There’s a pregnant pause as I consider how best to win Wife over to my way of thinking. As usual, Wife thinks of a solution while I was still sorting out the variables.
“This should be it,” she says.
“What?”
“You should make this the conversation. Everything we just said. That’d be funny.”
“It would be even funnier if I wrote a whole section on the made-up part and then tagged this on afterward, revealing the first section a lie. Kindofa lie.”
“Chronological fib.”
“Yeah.”
“Yeah, that’d be funny. Do that.”
“I knew there was a reason I married you.”
“Besides my good looks, sense of humor, and intelligence?”

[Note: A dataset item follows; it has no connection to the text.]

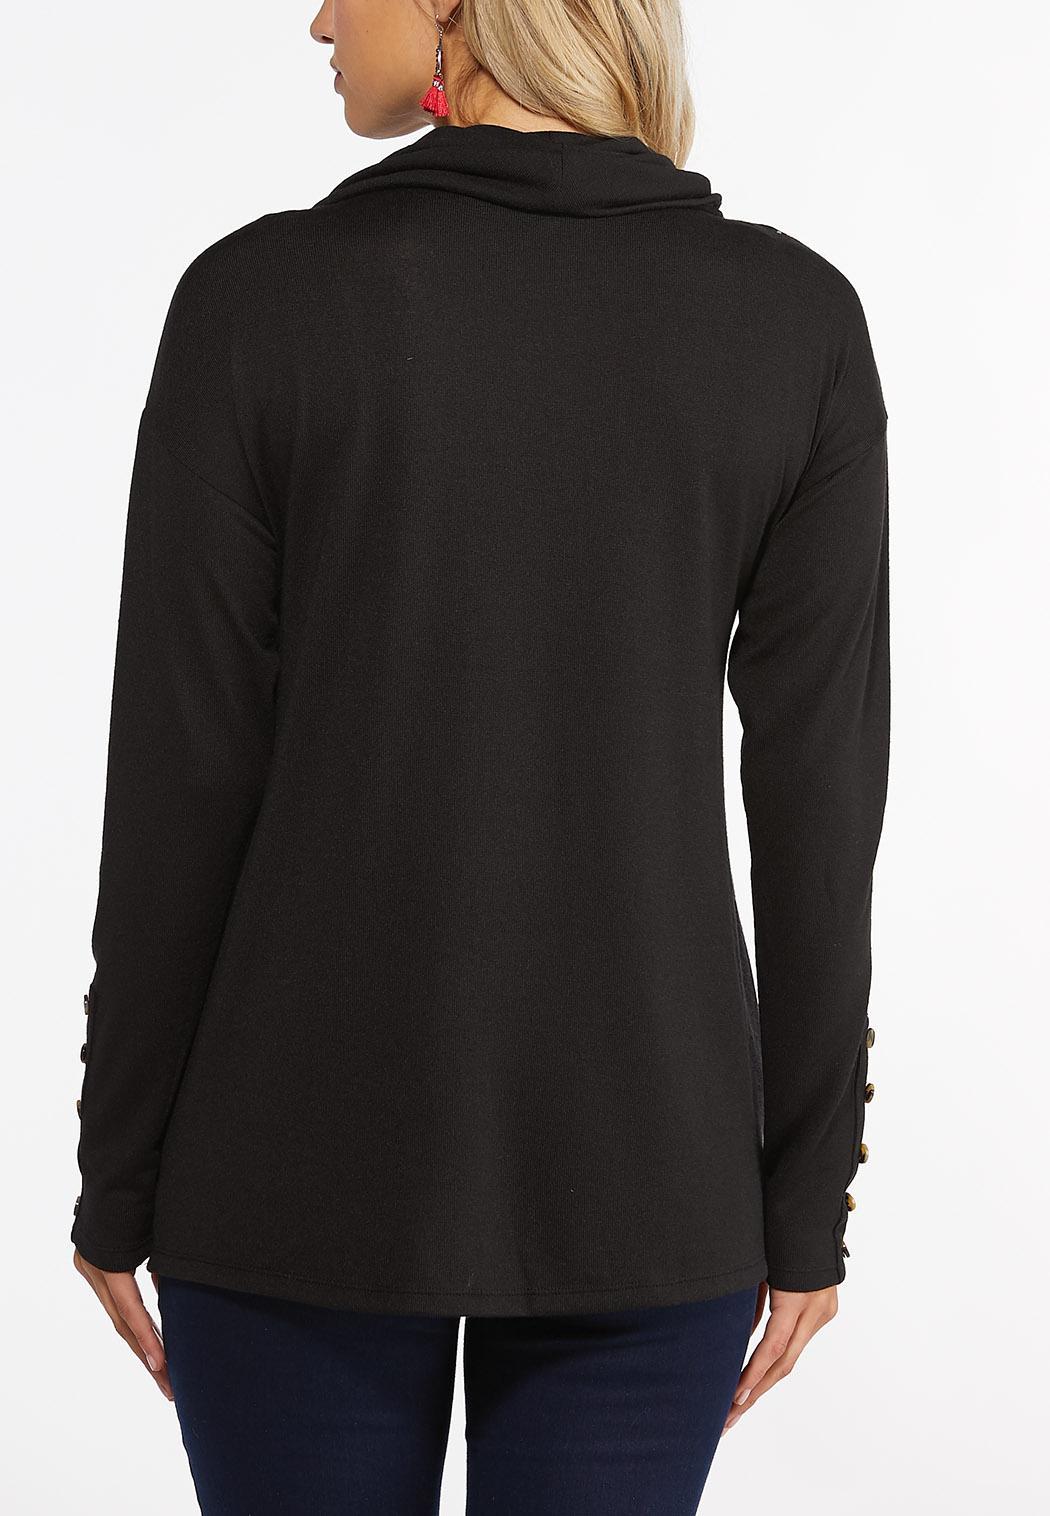 Paisley Cowl Neck Top (Item #44405479)
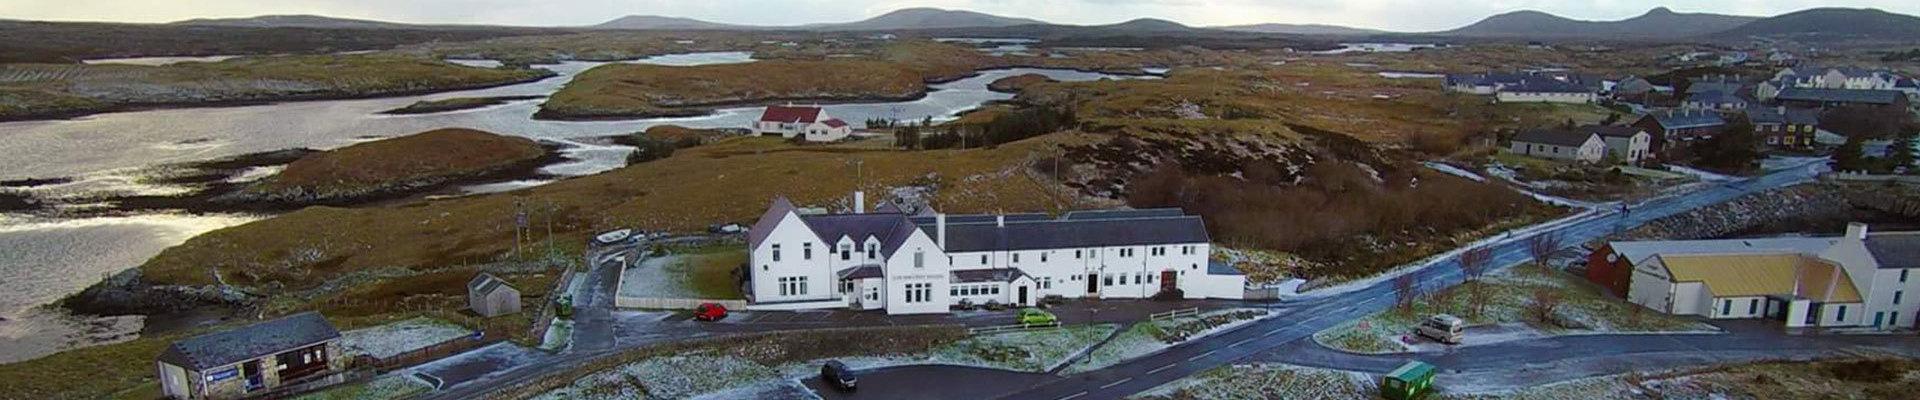 Hotel Lochmaddy, Hotel North Uist, Fishing North Uist

“And big boobs. Don’t forget your big boobs.”
“I love you too, baby.”
Okay, exercise done. Good. Thank God. Won’t have to do that for another twenty-three and a half hours. Next: diet. I’d previously sat down with my team of diet and nutrition experts* and worked out a rigorous meal plan consisting of:
Breakfast
1 Graham cracker with a tablespoon of peanut butter
1 protein shake (1 scoop protein powder, 1 banana, 1 cup ice, 1 cup lactose-free milk)
1 orange
Midmorning snack
1 apple
Lunch
Holy crap, what do you care? Why am I telling you all this? Long story short, if I stick to it, this should give me a total of about 1,550 calories a day. Sure, that may seem a bit low for an adult male, even a dieting adult male, but I’m sure I’ll be fine. Just looking at the list, it looks like an insane amount of food to take in every day, so I’m not too worried as I’m heading into my first day of eating healthy.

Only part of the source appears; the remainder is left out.